1. The multi-angle and multi-period navigation satellite bistatic PS-InSAR three-dimensional deformation inversion method is characterized in that it comprises the following steps:

Step 1: Use the direct wave signals at different angles and time periods to synchronize and image the echo signals at the corresponding angles and time periods, and obtain bistatic SAR image sequences of the same scene at different angles;

Step 2: For the bistatic SAR image sequence, use the PS method to realize the PS point recognition and the inversion of the one-dimensional deformation variable of the PS point at various angles;

Step 3: According to the inversion result of the one-dimensional deformation of the PS point, the one-dimensional deformation of each pixel of the bistatic SAR image sequence is inverted by using the Kriging interpolation method.

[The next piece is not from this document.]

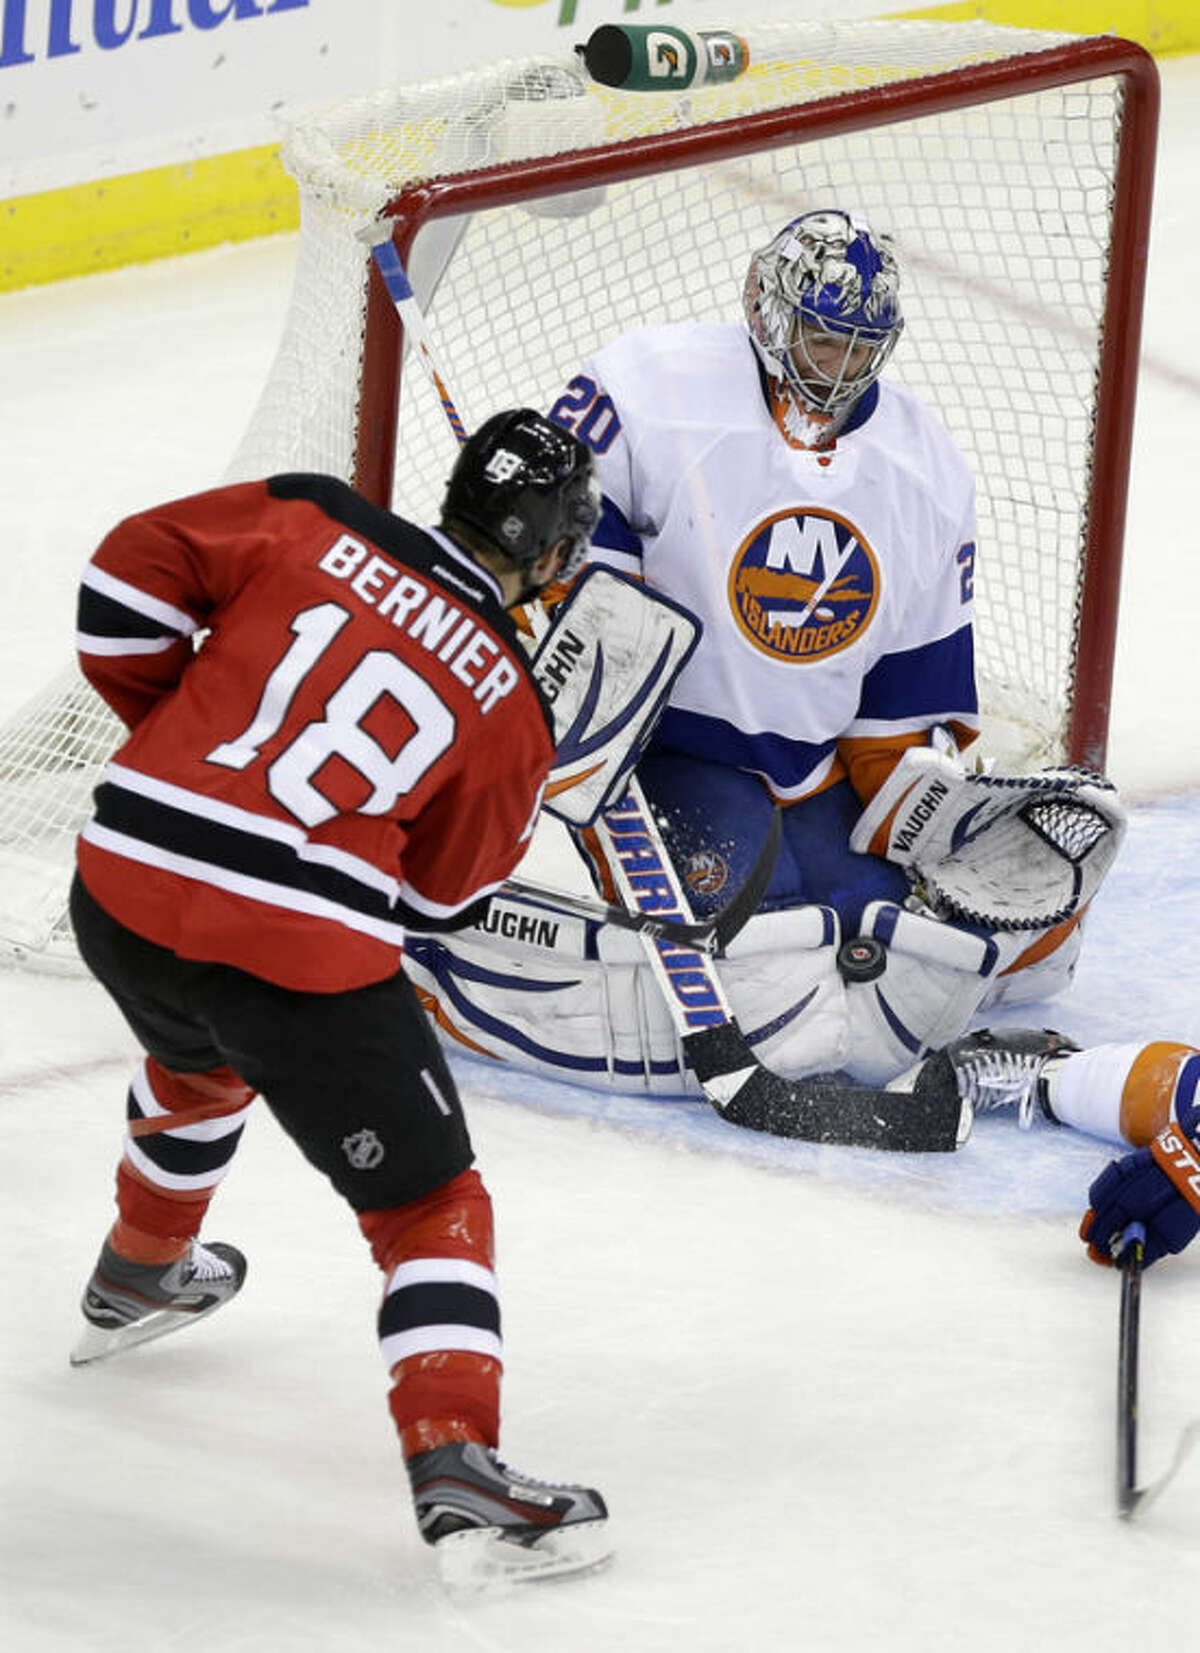 New York Islanders goalie Evgeni Nabokov (20) of Kazakhstan makes a save off his pads on a shot by New Jersey Devils' Steve Bernier (18) during the second period of an NHL hockey game Monday, April 1, 2013, in Newark, N.J. (AP Photo/Mel Evans)

Step 4: Set a unified time axis, use the time series analysis method to perform time interpolation on the inversion results of the one-dimensional deformation variables of each pixel in the bistatic SAR image sequence, and obtain each One-dimensional deformation history of pixels under a unified time axis;

Step five: using the weighted least squares estimation method to process the one-dimensional variable history of each pixel under a unified time axis, so as to realize the inversion of the three-dimensional deformation variable history of each pixel.